▸ TASK:
Could you copy out all the lines in the material below where the word "Cruise" occurs?

▸ DATA:
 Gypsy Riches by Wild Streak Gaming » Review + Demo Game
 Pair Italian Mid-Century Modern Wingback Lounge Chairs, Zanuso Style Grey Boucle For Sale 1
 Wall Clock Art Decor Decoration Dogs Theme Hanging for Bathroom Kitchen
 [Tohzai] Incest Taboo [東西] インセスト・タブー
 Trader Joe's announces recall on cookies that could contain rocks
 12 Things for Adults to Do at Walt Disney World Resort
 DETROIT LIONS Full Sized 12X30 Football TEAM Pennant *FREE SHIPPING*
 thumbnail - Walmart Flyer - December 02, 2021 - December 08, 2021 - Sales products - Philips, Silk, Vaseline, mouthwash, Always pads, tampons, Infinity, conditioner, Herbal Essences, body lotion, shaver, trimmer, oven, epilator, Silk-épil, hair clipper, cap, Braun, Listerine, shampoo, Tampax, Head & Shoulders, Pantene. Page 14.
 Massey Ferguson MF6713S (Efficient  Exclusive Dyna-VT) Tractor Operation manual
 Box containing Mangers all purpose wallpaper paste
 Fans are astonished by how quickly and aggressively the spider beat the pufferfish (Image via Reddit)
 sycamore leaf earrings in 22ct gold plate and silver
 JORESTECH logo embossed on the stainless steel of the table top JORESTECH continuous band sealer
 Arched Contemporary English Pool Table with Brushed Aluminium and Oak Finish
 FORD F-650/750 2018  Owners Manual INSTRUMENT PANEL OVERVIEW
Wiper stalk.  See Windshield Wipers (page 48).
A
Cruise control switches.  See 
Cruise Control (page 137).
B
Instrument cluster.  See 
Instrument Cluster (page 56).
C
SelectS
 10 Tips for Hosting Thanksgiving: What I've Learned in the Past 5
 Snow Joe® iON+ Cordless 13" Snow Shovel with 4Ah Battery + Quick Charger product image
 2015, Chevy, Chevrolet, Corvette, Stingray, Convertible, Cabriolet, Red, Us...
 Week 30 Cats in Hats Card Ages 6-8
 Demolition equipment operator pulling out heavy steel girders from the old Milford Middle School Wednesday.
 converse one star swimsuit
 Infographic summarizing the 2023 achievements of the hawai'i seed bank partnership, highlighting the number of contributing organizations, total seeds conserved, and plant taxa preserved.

▸ FINISHED EXERCISE:
Cruise control switches.  See 
Cruise Control (page 137).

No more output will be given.